Town in Oklahoma, US

Colbert is a town in Bryan County, Oklahoma, United States. As of the 2020 census, Colbert had a population of 1,027. It was incorporated in 1939.
==History==
Colbert men became prominent leaders among the Chickasaw for most of the 18th and 19th centuries, starting with William "de Blainville" Colbert from France born of Scottish blood. His parents fled during the Glorious Revolution in Scotland; hence, he was born in exile in Blainville-sur-Orne, France. William traveled to the New World to seek a new line of work as a fur trader since the Jacobite uprisings had ruined his entitlements as a "King Baron." These Colberts were also related to Jean Baptiste Colbert, Treasurer to King Louis XIV. There is a chateau named after Jean Baptiste Colbert in the aforementioned French town located on the Atlantic coast; it became a safe haven beginning in 1688.

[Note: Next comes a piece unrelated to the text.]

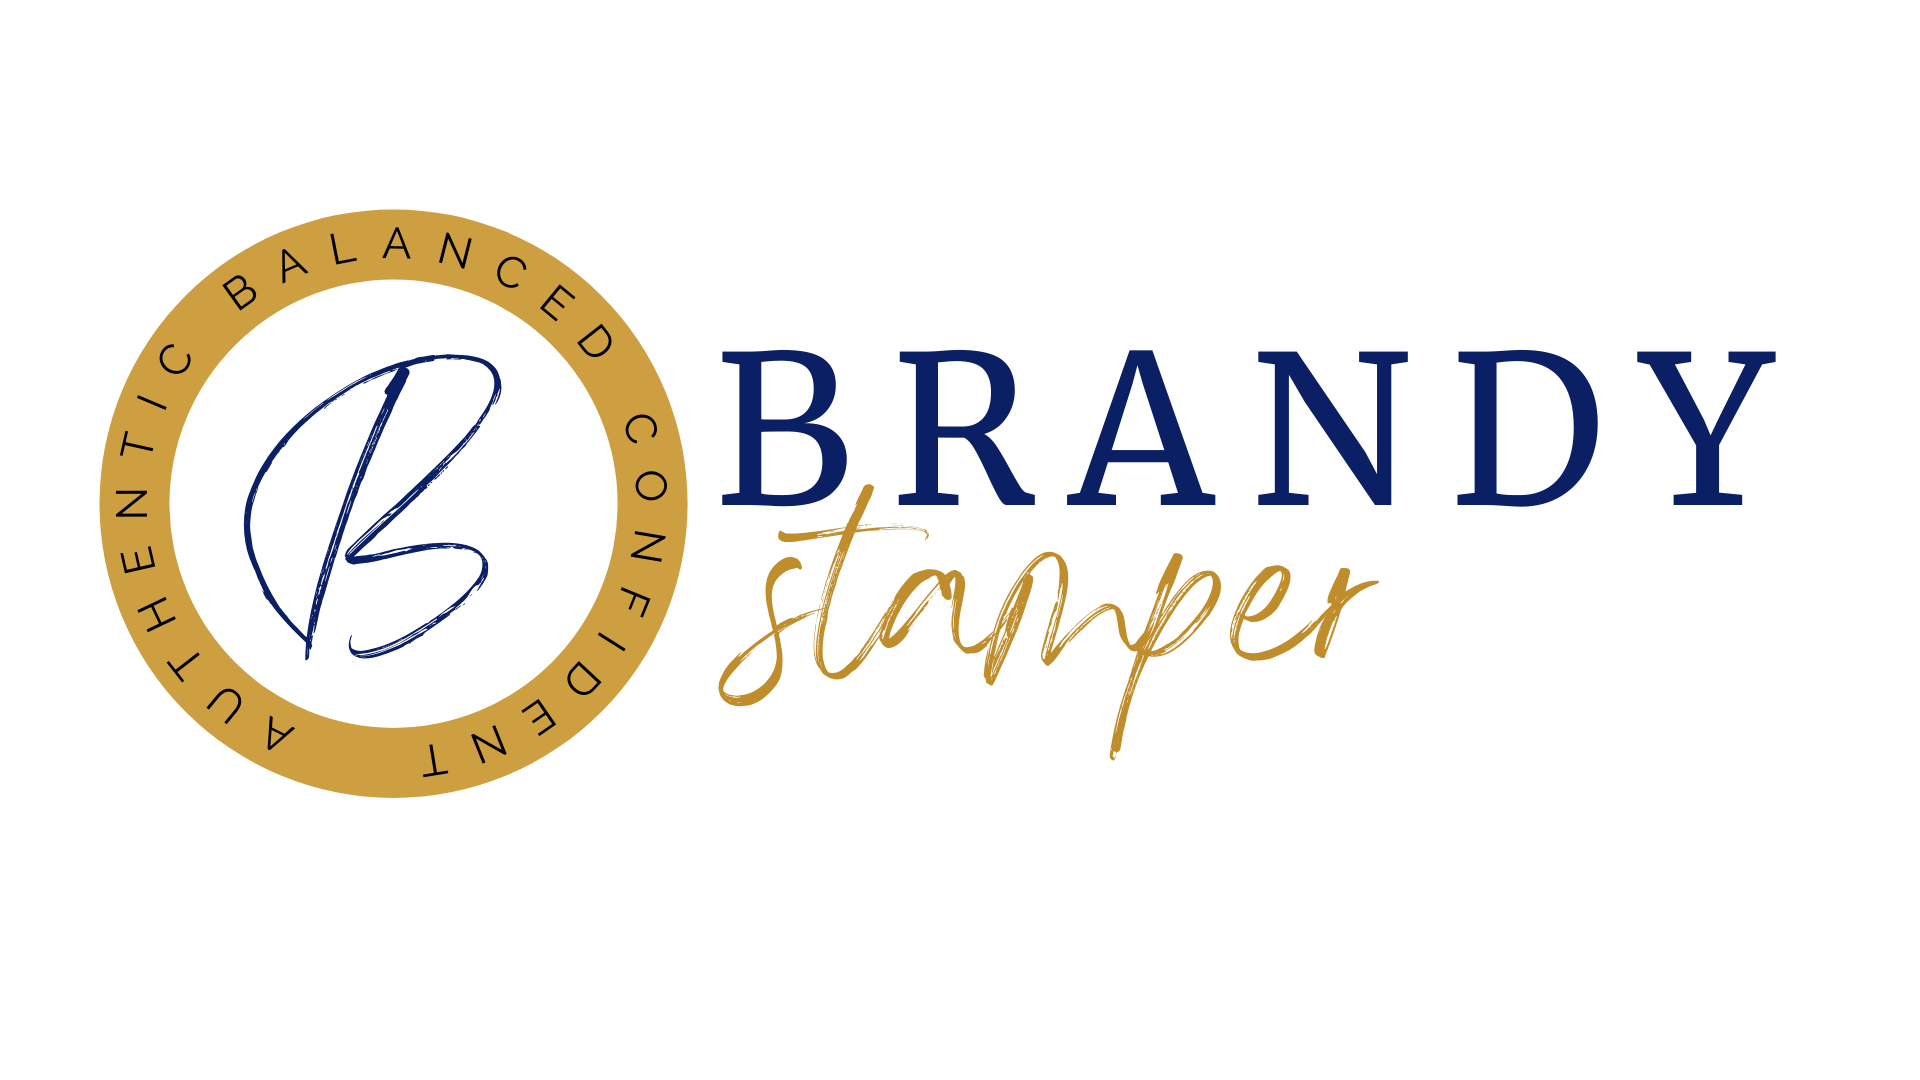 Brandy Stamper Coaching

Once in the New World, William Colbert ended up marrying the Chickasaw chief's eldest daughter in order to gain more influence in his trading of furs with the native tribes. It was from this union that the Colbert men started gaining prominence, especially since the next two generations married Chickasaw/Cherokee wives. They also became chiefs such as George Colbert ("Tootemastubbe") and Levi Colbert ("Itawamba Mingo").

==Geography==

According to the United States Census Bureau, the town has a total area of 1.1 sqmi, all land.

==Demographics==

Historical population
| Census | Pop. | Note | %± |
| 1940 | 602 |  | — |
| 1950 | 748 |  | 24.3% |
| 1960 | 671 |  | −10.3% |
| 1970 | 814 |  | 21.3% |
| 1980 | 1,122 |  | 37.8% |
| 1990 | 1,043 |  | −7.0% |
| 2000 | 1,065 |  | 2.1% |
| 2010 | 1,140 |  | 7.0% |
| 2020 | 1,027 |  | −9.9% |
U.S. Decennial Census

===2020 census===
As of the 2020 census, Colbert had a population of 1,027. The median age was 45.8 years. 22.3% of residents were under the age of 18 and 23.0% of residents were 65 years of age or older. For every 100 females there were 85.0 males, and for every 100 females age 18 and over there were 79.3 males age 18 and over.

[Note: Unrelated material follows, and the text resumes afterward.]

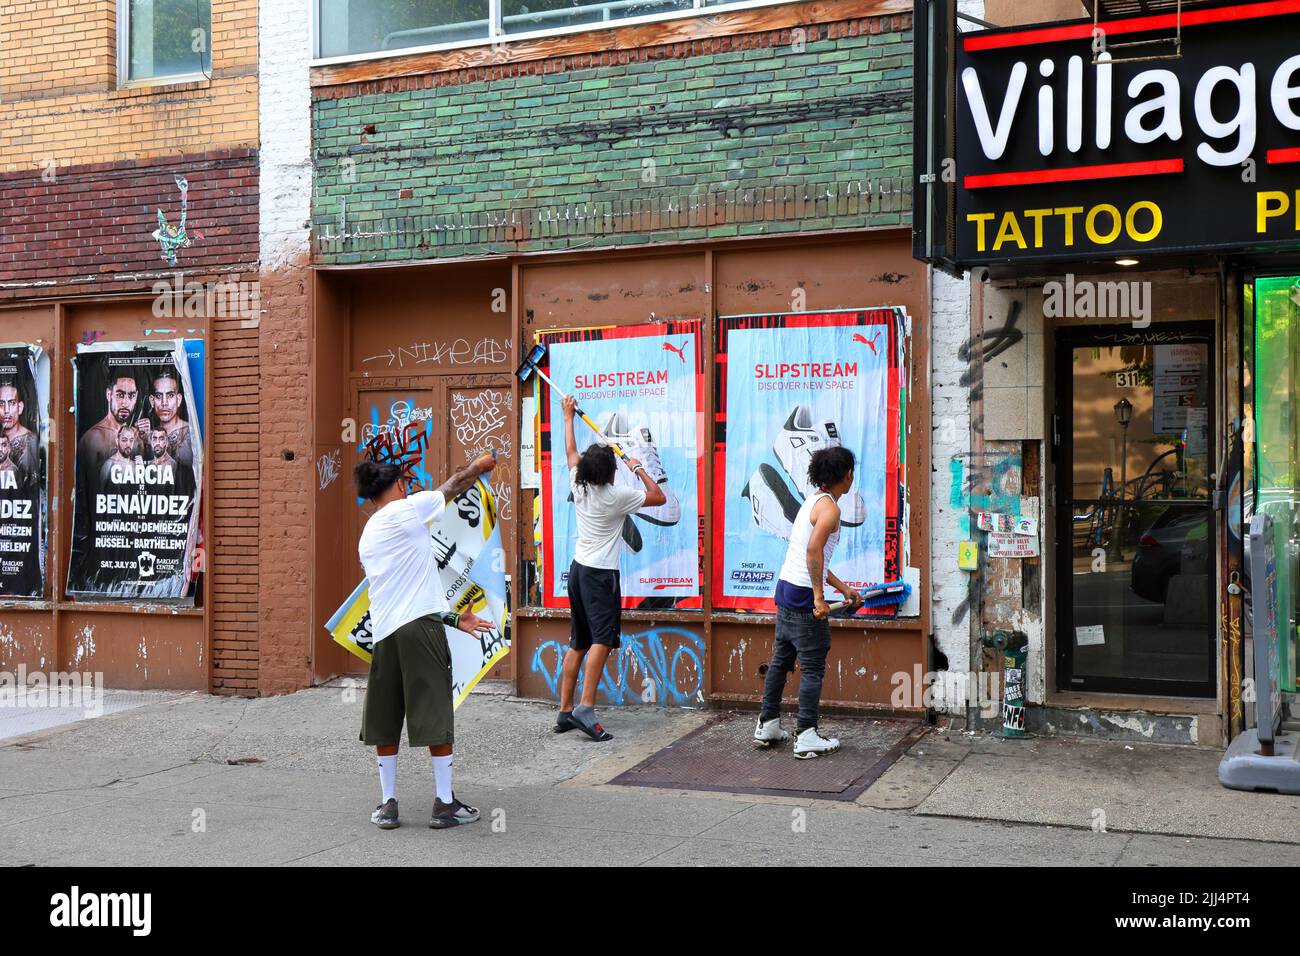 Persone che sbatte poster pubblicitari su un muro, o pubblicità di pubblicazione selvaggia, come parte di una campagna di marketing urbano, a livello stradale, guerilla. Foto Stock

0.0% of residents lived in urban areas, while 100.0% lived in rural areas.

There were 423 households in Colbert, of which 31.2% had children under the age of 18 living in them. Of all households, 40.0% were married-couple households, 16.1% were households with a male householder and no spouse or partner present, and 34.5% were households with a female householder and no spouse or partner present. About 28.4% of all households were made up of individuals and 12.5% had someone living alone who was 65 years of age or older.

There were 460 housing units, of which 8.0% were vacant. The homeowner vacancy rate was 0.0% and the rental vacancy rate was 6.7%.

Racial composition as of the 2020 census
| Race | Number | Percent |
|---|---|---|
| White | 742 | 72.2% |
| Black or African American | 91 | 8.9% |
| American Indian and Alaska Native | 91 | 8.9% |
| Asian | 0 | 0.0% |
| Native Hawaiian and Other Pacific Islander | 1 | 0.1% |
| Some other race | 22 | 2.1% |
| Two or more races | 80 | 7.8% |
| Hispanic or Latino (of any race) | 56 | 5.5% |

===2000 census===
As of the census of 2000, there were 1,065 people, 428 households, and 275 families residing in the town. The population density was 993.1 PD/sqmi. There were 493 housing units at an average density of 459.7 /sqmi. The racial makeup of the town was 73.33% White, 17.18% African American, 4.51% Native American, 0.09% Asian, 0.28% from other races, and 4.60% from two or more races. Hispanic or Latino of any race were 1.60% of the population.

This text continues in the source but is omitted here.